How your boyfriend responds to sexual sin in your relationship reveals what kind of husband he will be.
Some Christian men and women feel locked into a dating relationship, even when it’s dysfunctional, and especially after they sin sexually.
Why are unhealthy dating relationships so hard to end, especially after a couple has compromised morally? And how should Christian couples respond if they sin sexually?
God requires that men feel a peculiar responsibility for protecting and caring for women.
He calls men and women to pursue holiness, to guard the marriage bed, to do all things for his glory, including courtship, marrying, and pursuing sexual purity. He calls both men and women to protect and serve one another in complementary ways, but from the beginning, he lays a heavier burden on men.
Eve ate first from the tree of the knowledge of good and evil, and she enticed her husband to eat with her — and she received a curse for her sin (Genesis 3:16). But after dealing first with Satan, and then with Eve, God’s words of judgment culminated with Adam (Genesis 3:17–19). The woman would have pain in childbirth; the man would suffer “all the days of your life till you return to the ground” (Genesis 3: 17, 19). God expected the man to obey his voice and lovingly lead his wife to do the same — and for the man to own the greater responsibility for their failure.
To his shame, Adam not only did what God had explicitly forbidden, but then blamed Eve (and God!) for his sin: “The woman whom you gave to be with me, she gave me fruit of the tree, and I ate” (Genesis 3:12). Men, if you fail sexually in a relationship, I am pleading with you not to respond like Adam did, but to own your failure, and grieve it, and do whatever necessary to repent, protect your sister in Christ, and prepare yourself to pursue marriage with complete purity (1 Timothy 5:2).
The apostle Paul writes, “We must not indulge in sexual immorality as some of them did, and twenty-three thousand fell in a single day” (1 Corinthians 10:8).

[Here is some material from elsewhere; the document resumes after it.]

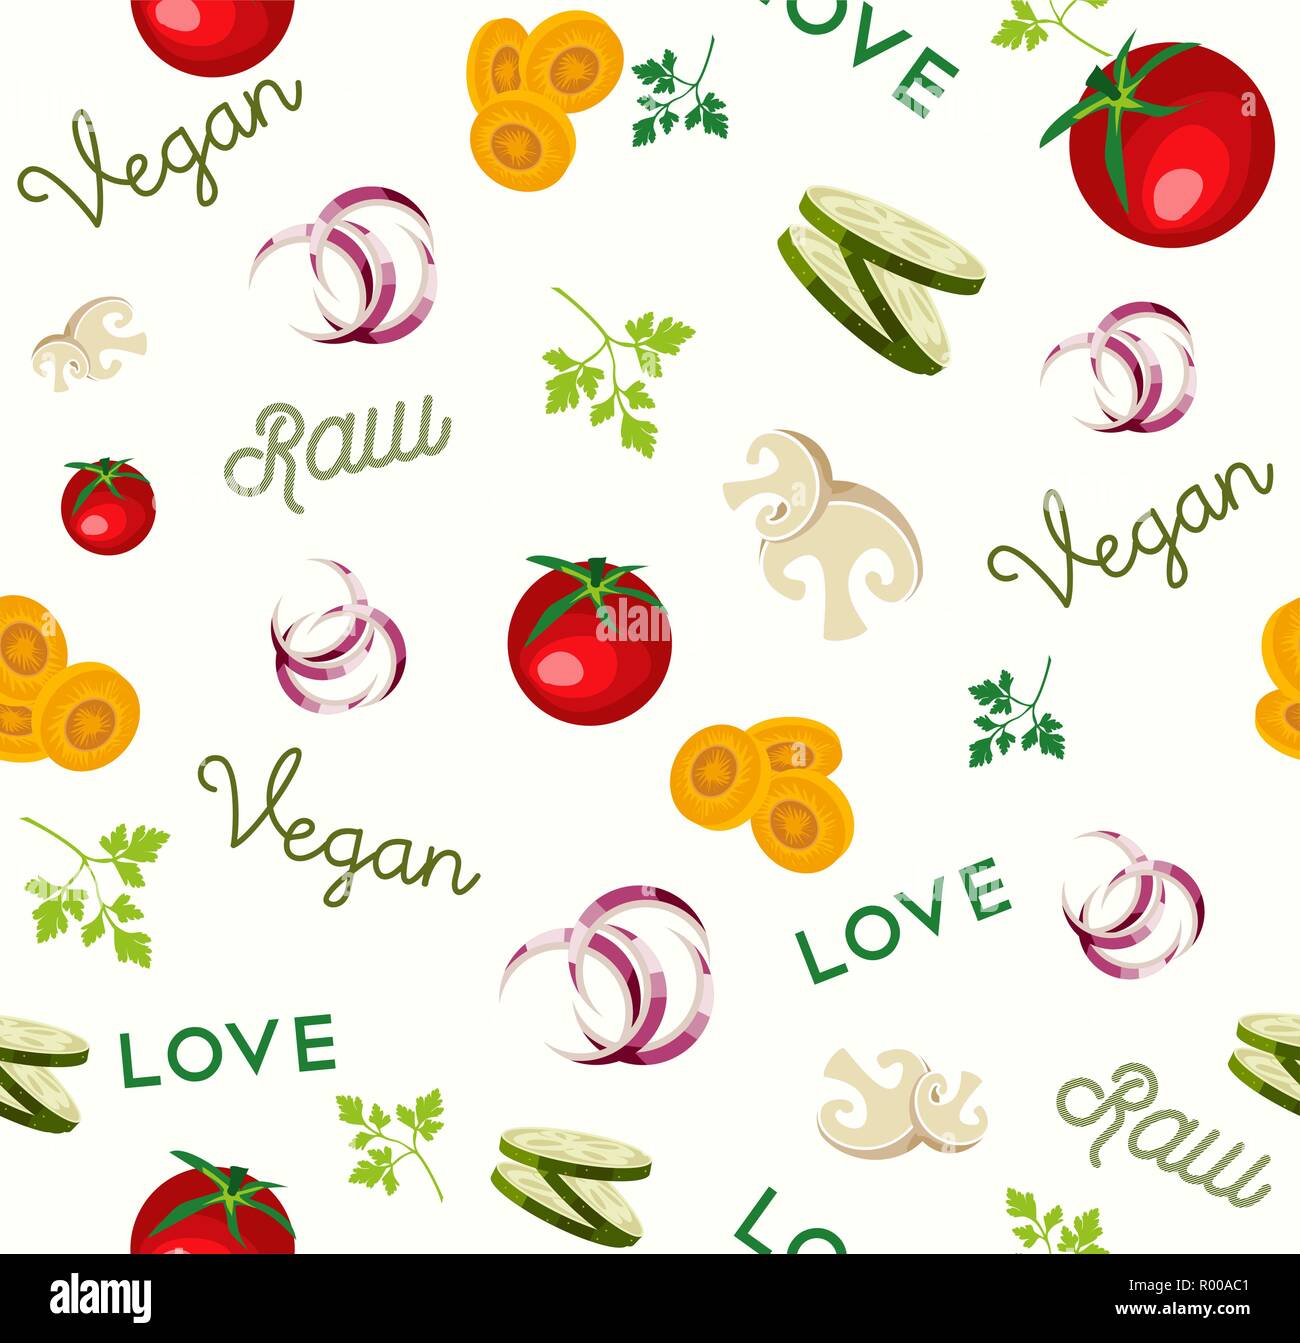 Vegan Raw food seamless pattern for nutrition and healthy diet with colorful flat vegetable icons. Stock Vector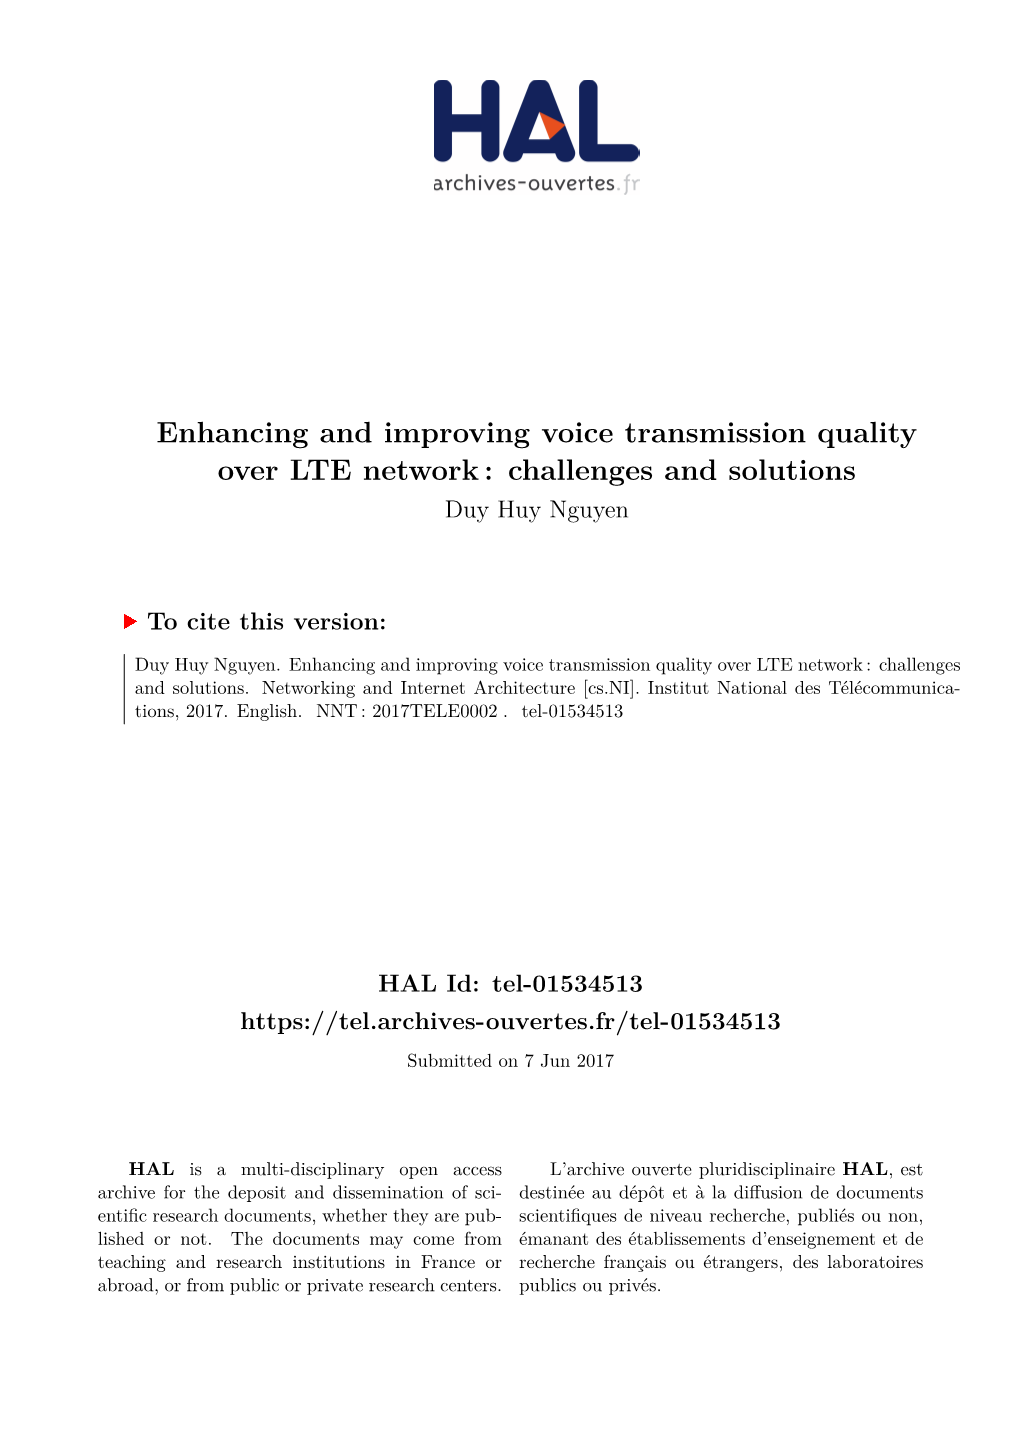 Enhancing and Improving Voice Transmission Quality Over LTE Network: Challenges and Solutions

In Numbers 25, the shameless sexual sin of one couple (who was righteously speared to death) led to the death of thousands more. Did God overreact? Was the punishment excessive? We may recoil because we’ve so grown too comfortable with sin, and too indifferent before the holiness of God.
Paul says elsewhere, “This is the will of God, your sanctification: that you abstain from sexual immorality; that each one of you know how to control his own body in holiness and honor, not in the passion of lust like the Gentiles who do not know God. . . . The Lord is an avenger in all these things” (1 Thessalonians 4:3–6). Sexual sin is the opposite of God’s will for you. So, if temptation comes, run the other way. Flee as quickly as possible (1 Corinthians 6:18).
If you commit sexual sin with your girlfriend, consider taking a meaningful break from the relationship for the sake of your soul and hers, your current relationship, and your future marriage.
Reconcile with God and pray more to be sure the relationship is God’s will before you decide on the next step to take.